▶ Data
┏━━

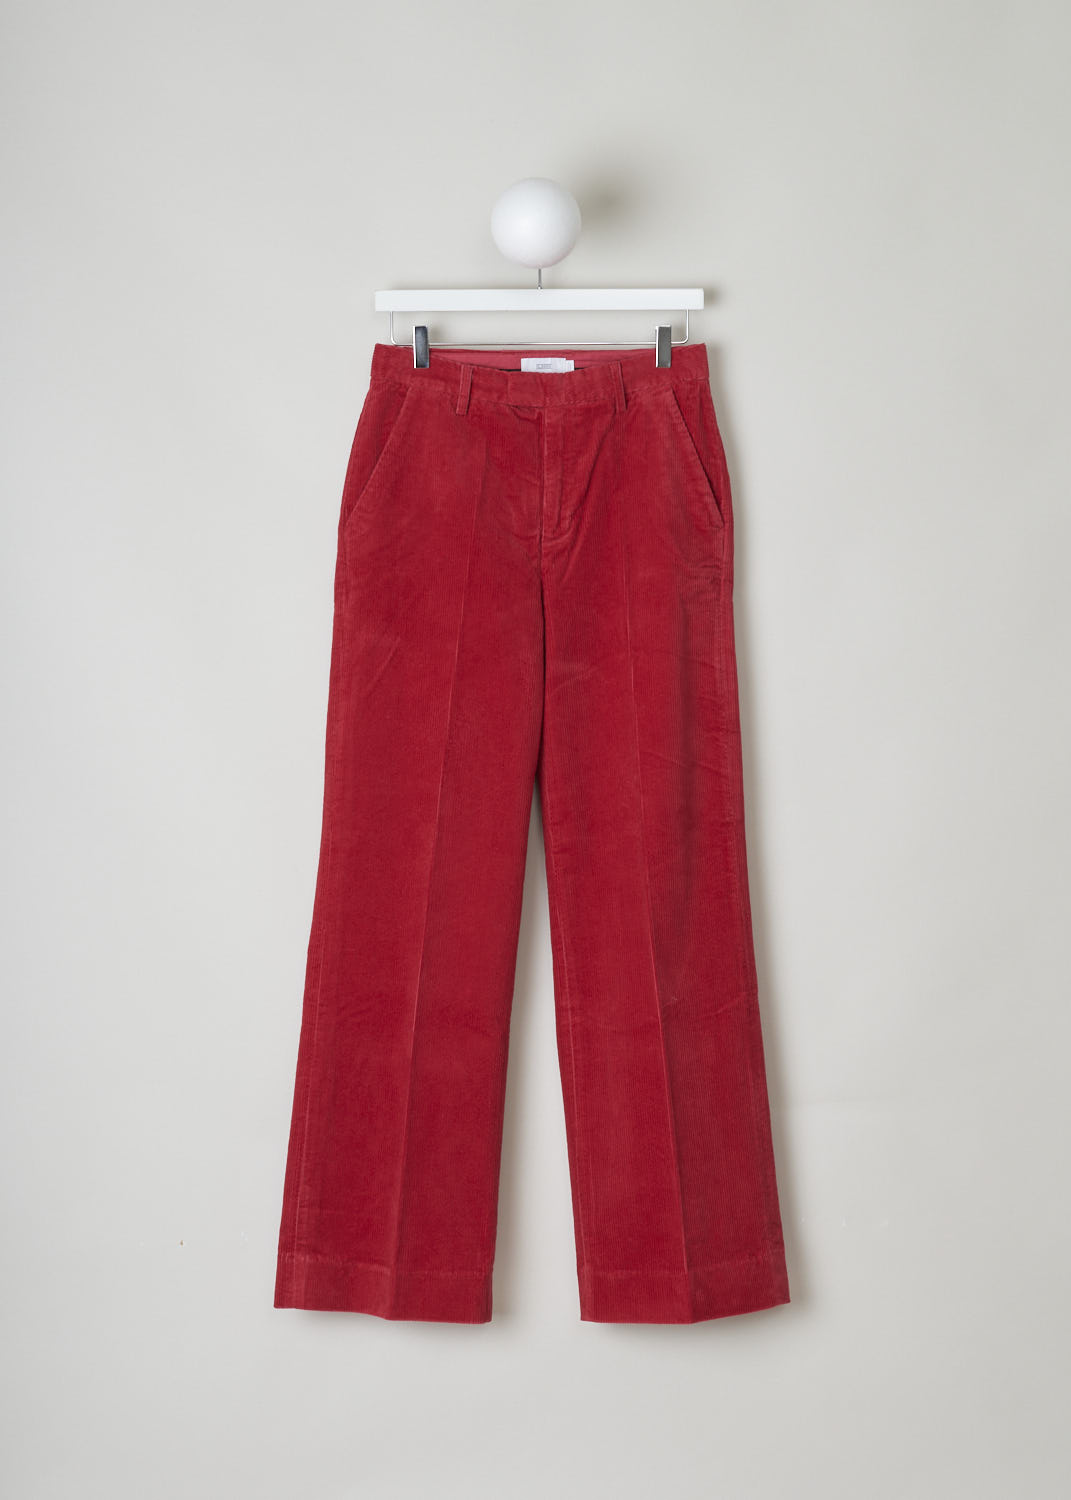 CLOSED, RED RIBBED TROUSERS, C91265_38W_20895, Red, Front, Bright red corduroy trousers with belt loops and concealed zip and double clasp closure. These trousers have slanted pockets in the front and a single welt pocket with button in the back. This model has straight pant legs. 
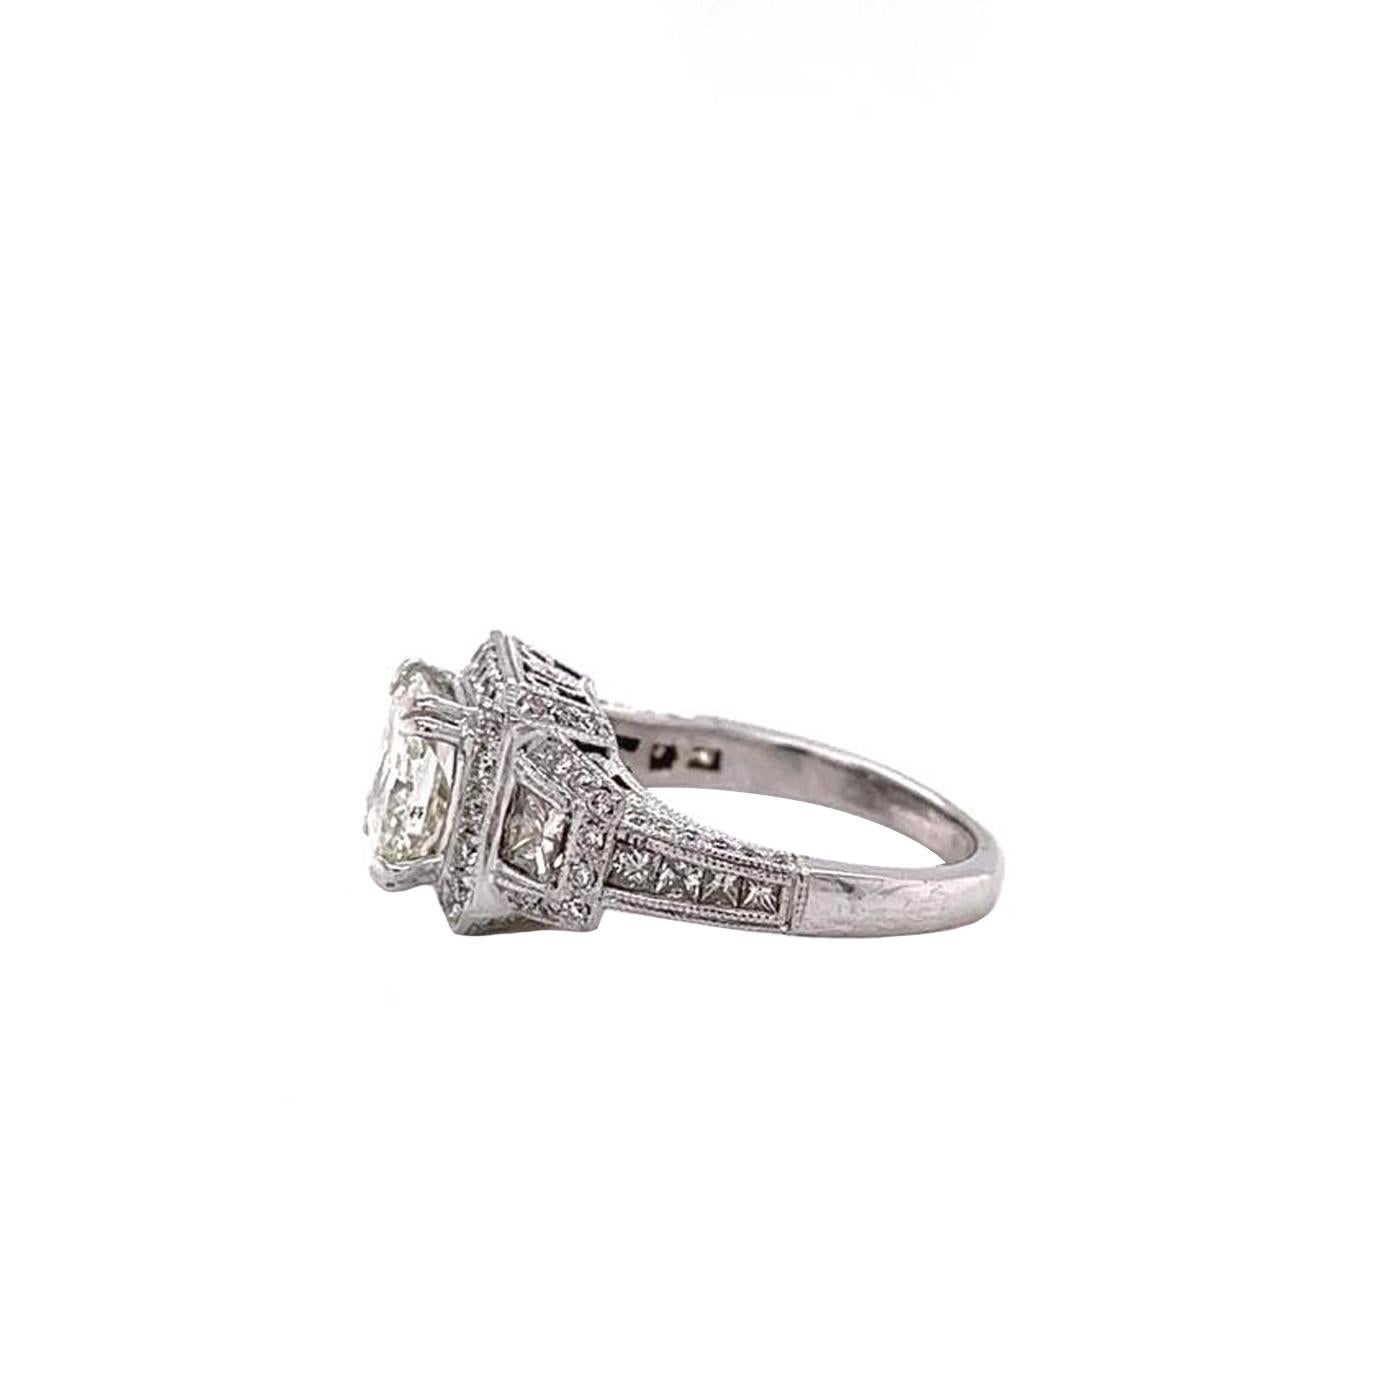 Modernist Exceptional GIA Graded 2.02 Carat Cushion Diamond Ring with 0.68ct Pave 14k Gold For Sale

┗━━
┏━━

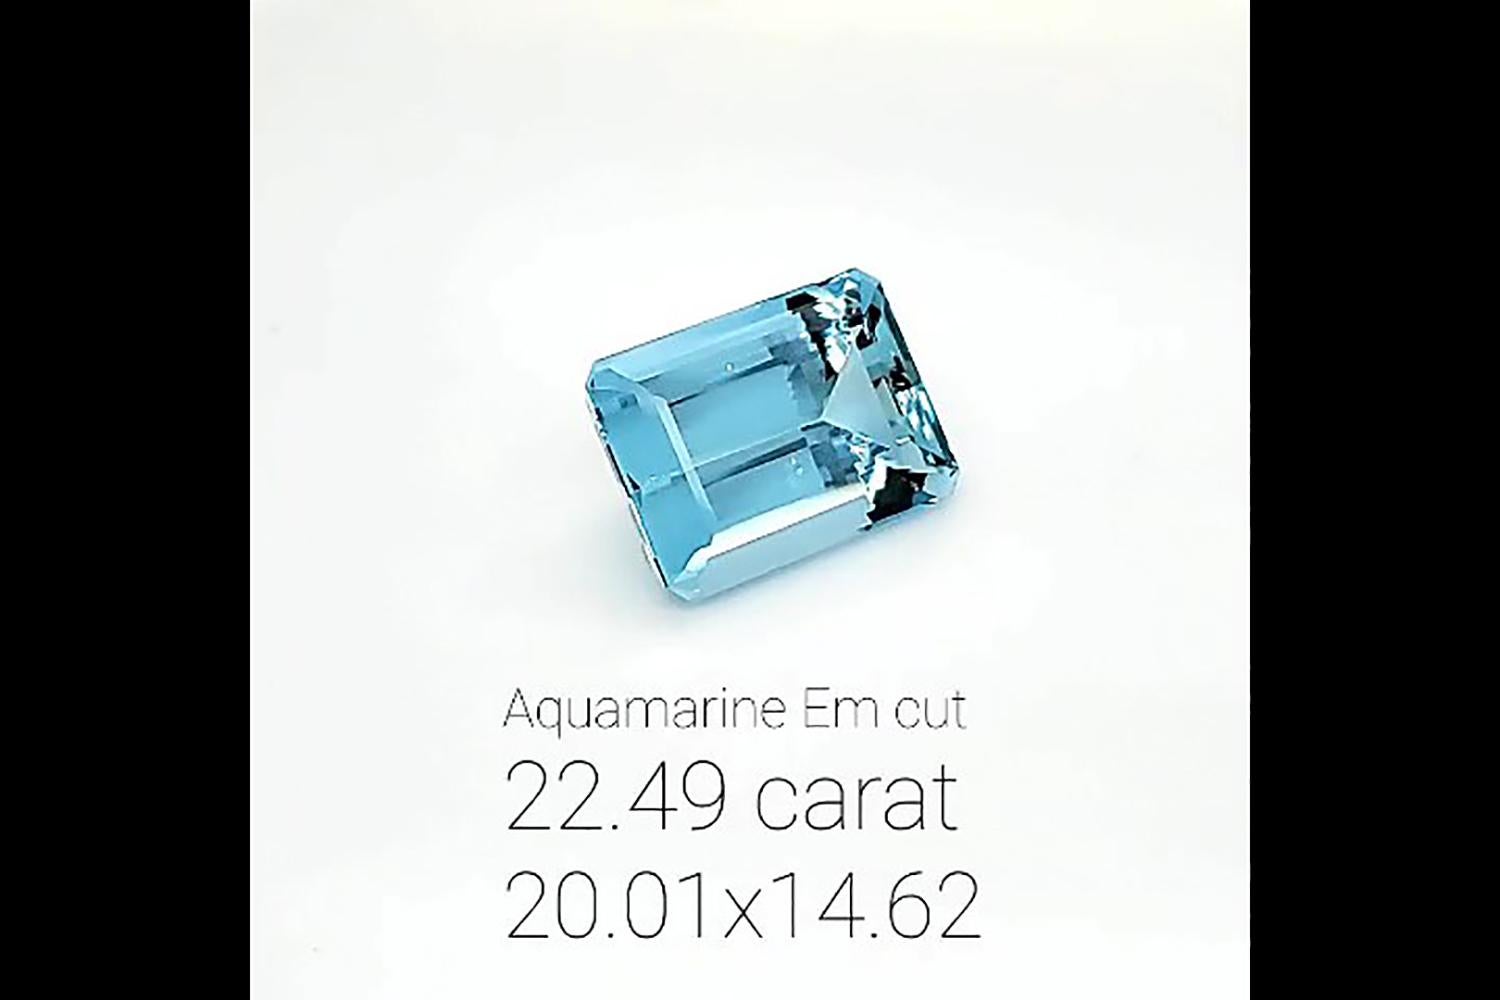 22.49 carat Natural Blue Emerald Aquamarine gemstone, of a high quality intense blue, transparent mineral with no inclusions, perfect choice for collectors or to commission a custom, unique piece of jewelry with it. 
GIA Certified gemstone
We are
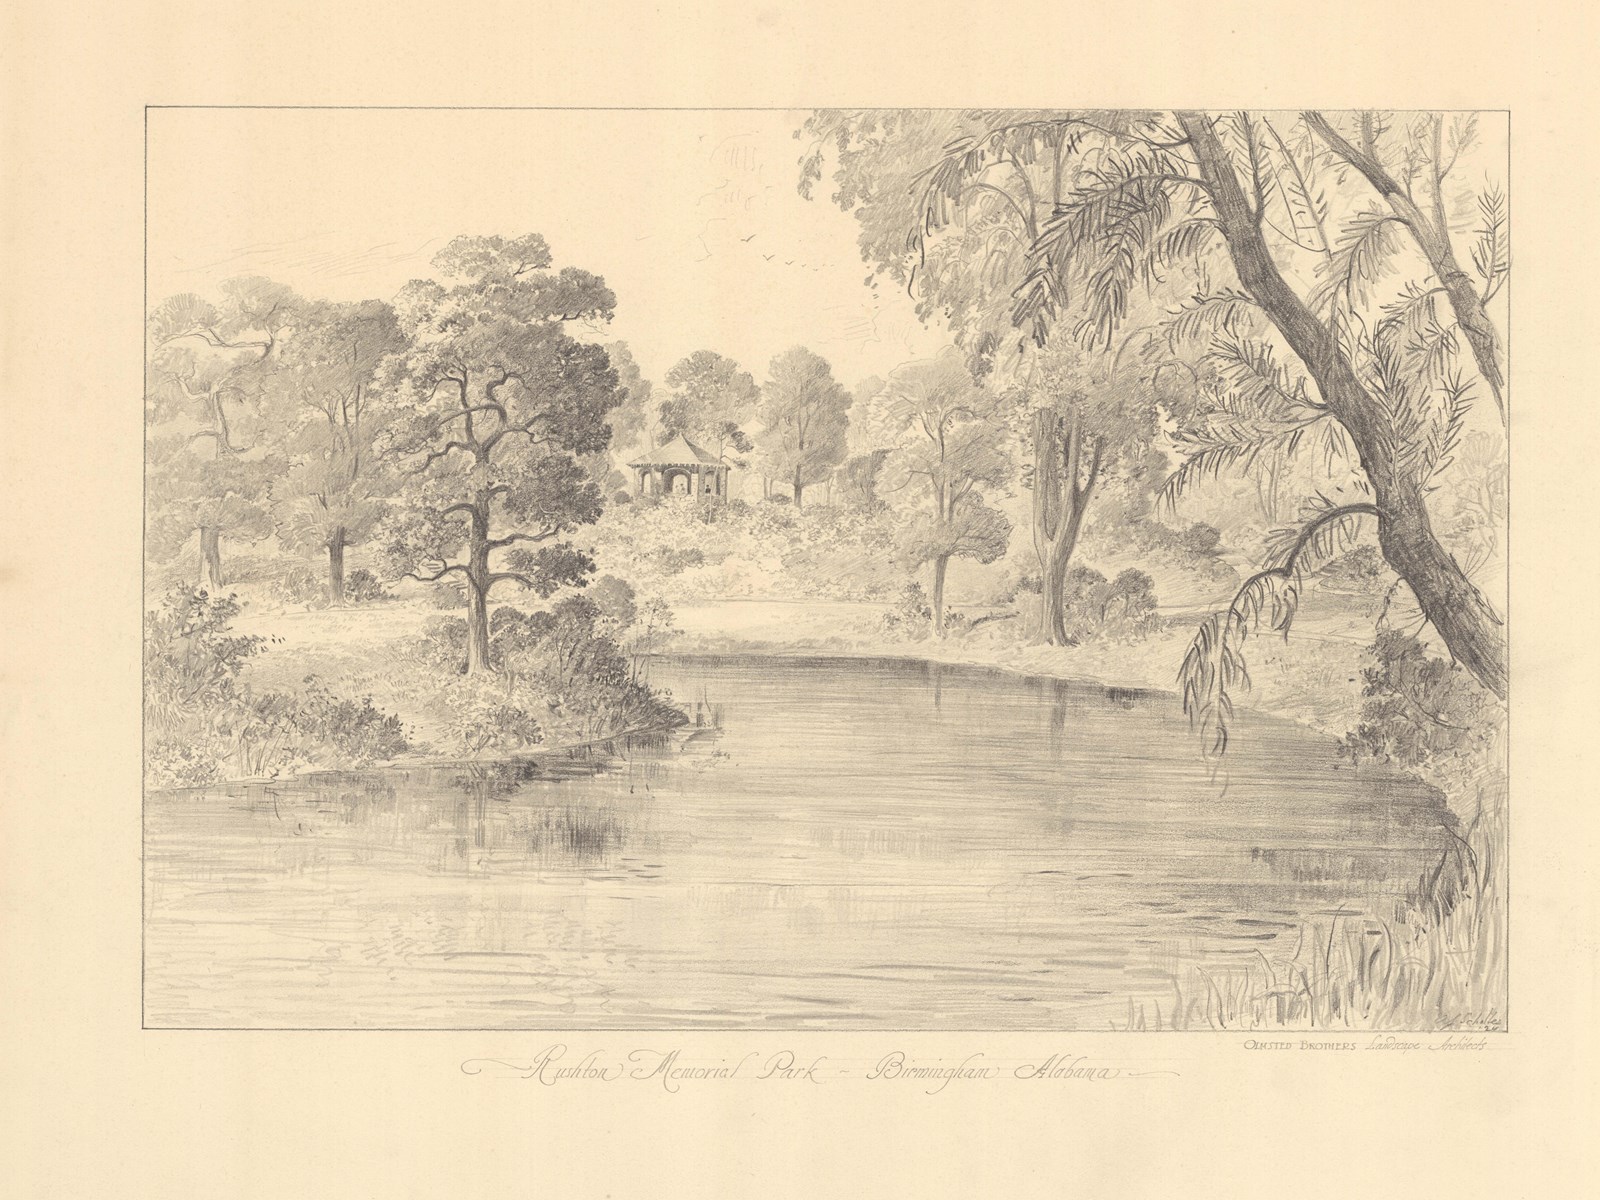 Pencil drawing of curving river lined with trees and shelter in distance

┗━━

▶ About this exercise
Set down, exactly as written above, each line from the one with "GIA Certified gemstone" through the one with "Pencil drawing of", and skip the pictures.

▶ Answer box
GIA Certified gemstone
We are
 Pencil drawing of curving river lined with trees and shelter in distance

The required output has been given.